Here are seven of the most burning questions we are most eagerly looking forward to (hopefully) hearing some answers to today:
- How much protection do people get after their first shot? Data released Tuesday suggested one Pfizer shot was about 50% effective at preventing COVID-19 in the 21-day period until people got their second (booster) shot. If that partial protection is legit, that would be a valuable benefit to know when immunizing people. Although experts have stressed it will still be essential to get the second dose for the more robust, 95% protection.
- How durable is the protection? Given that Pfizer’s earliest coronavirus vaccine trials only started a few months ago, we probably won’t know how long Pfizer’s vaccine protection typically lasts, but the committee can unearth any new information they’ve discovered about waning immunity. Is the trial showing any signs that participants who’ve had the vaccine for several months now are losing their protection? Or is it still too early to tell?
- Does the vaccine also prevent transmission to unvaccinated people? The Pfizer vaccine trial was designed to measure if the shots prevent people from getting symptomatic disease, the kind of coronavirus that might prompt a fever, cough, or more serious issues. The results are an unambiguous success on that front. But that doesn’t necessarily mean the vaccine can stop people from being infected. If vaccinated people can still be asymptomatic carriers, unknowingly spreading the virus to others who have not yet been vaccinated, that would have big public-health consequences. Is there any data to suggest one way or the other whether the shot provides so-called ‘sterilizing immunity’?

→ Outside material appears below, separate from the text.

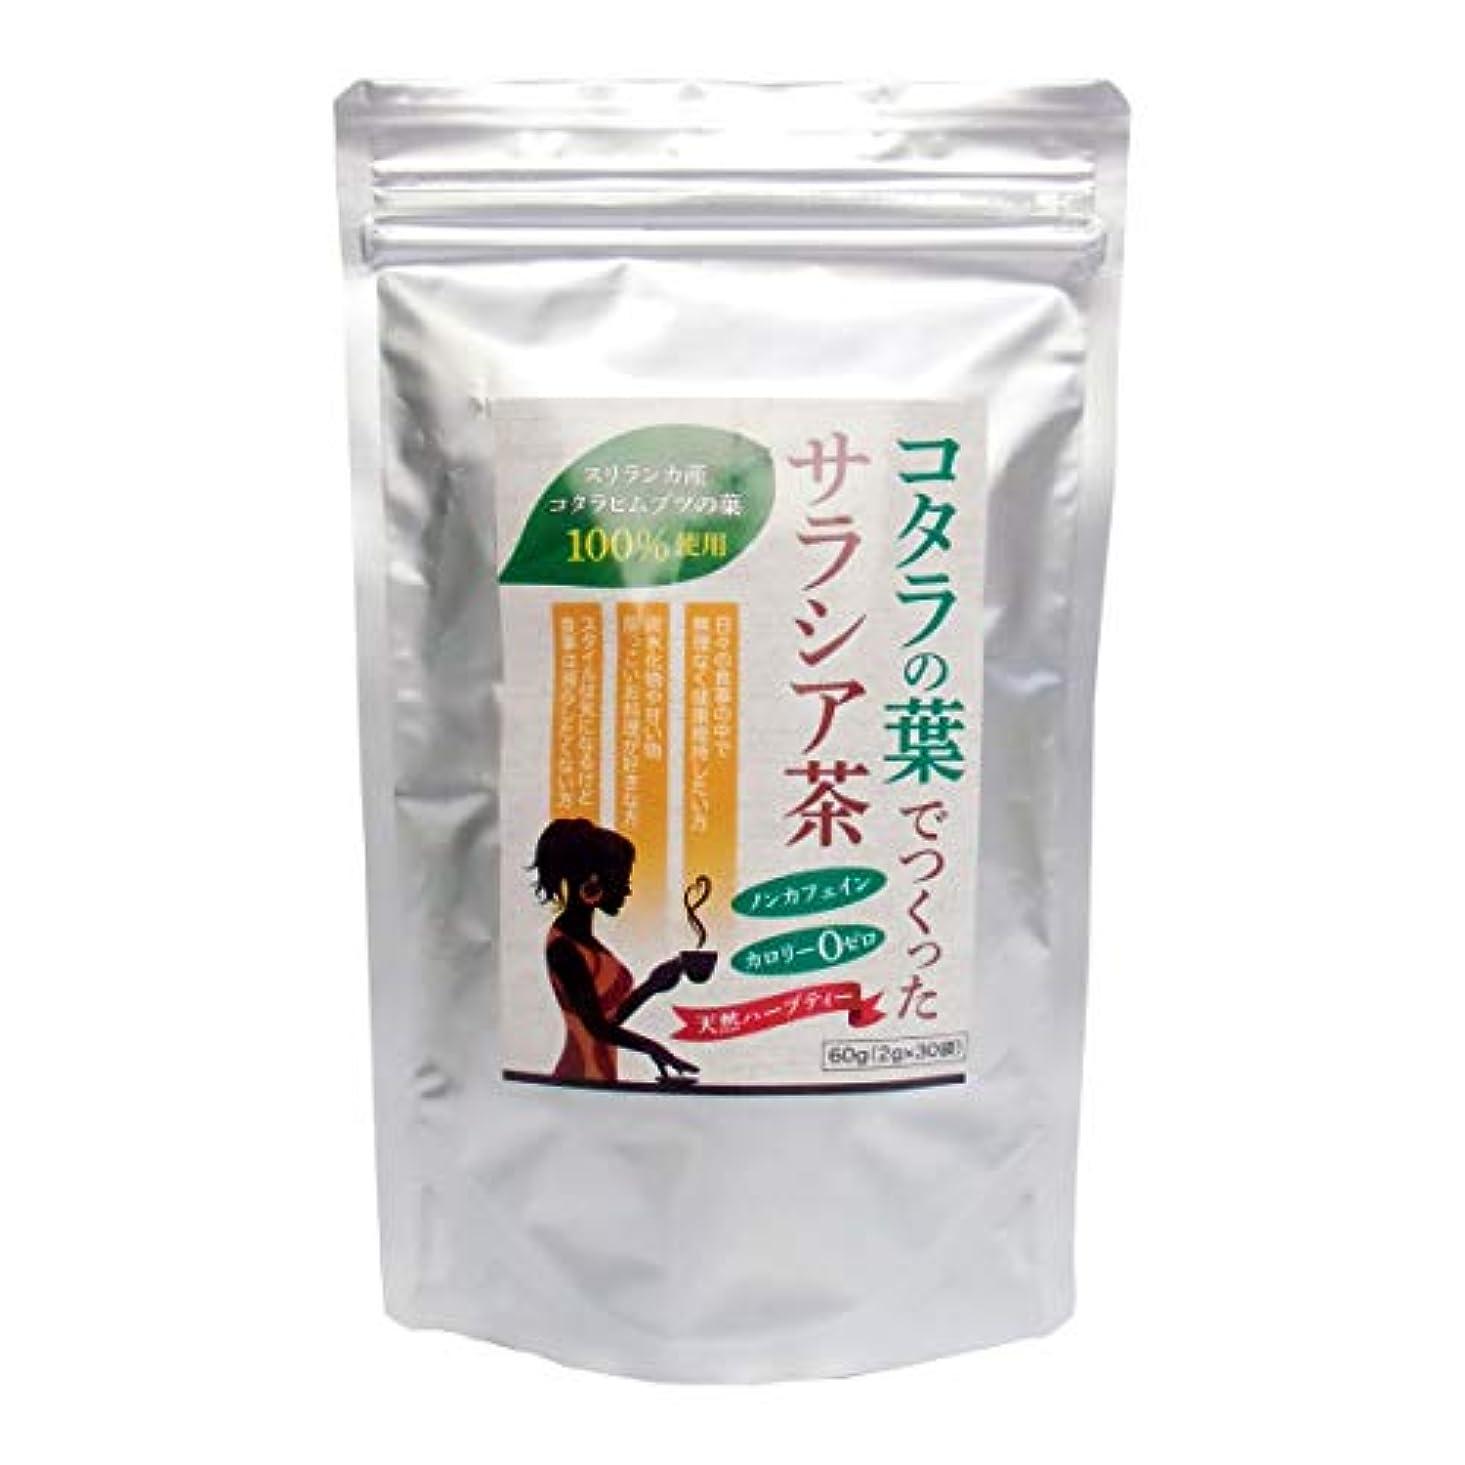 記録活性化する低い【初回限定お試し価格】コタラの葉でつくったサラシア茶 (茶葉タイプ) 60g (2g×30袋)

- What happens to the placebo group now that we know the shot works? Half of the roughly 40,000 volunteers in Pfizer’s trial got a placebo shot (aka no treatment) and they still don’t know they’re walking around vaccine-free. Keeping the study blinded allows researchers to continue to gather valuable information — particularly in figuring out the durability of the vaccine’s protection. But it poses an ethical conundrum as well. When should the placebo group be offered the real vaccine, particularly if it’s known to be very safe and effective? The committee is likely to have thoughts on what should happen next.
- Is there enough data on really old people to classify the shot as fully safe for them? We’re not talking about the 55-plus seniors group, but people in their 80s and 90s. With nursing homes being a top immunization priority, this is a relevant population to make sure will be safe to vaccinate. Data released Tuesday showed 860 people in Pfizer’s trial (out of more than 21,000 participants worldwide) were over the age of 75, with the oldest person being 89 years old. Is that a rigorous enough experiment to satisfy the committee and OK this shot to be rolled out to nursing homes across the nation?
- What can we learn from the non-responders? Some of the most valuable insights may be gleaned from people who got Pfizer’s vaccine and still got sick. Fortunately, there weren’t a lot of them. Just one volunteer on the active arm registered a severe case of COVID-19 (compared to nine severe cases who were given the placebo) and there were eight cases of COVID-19 overall who got Pfizer’s shot (compared to 162 in the placebo group). Can that handful of cases tell us something we don’t know about who may or may not respond poorly to this vaccine?
- What about allergic reactions? UK health regulators have warned that people with a history of severe allergic reactions shouldn’t get Pfizer’s shot, after two adverse events were observed in the British rollout. Is there a suitable explanation from Pfizer for why that may be a case, particularly given this vaccine was developed using messenger RNA, a new technology platform? And will this expert panel make a similar recommendation in restricting who should get the shot?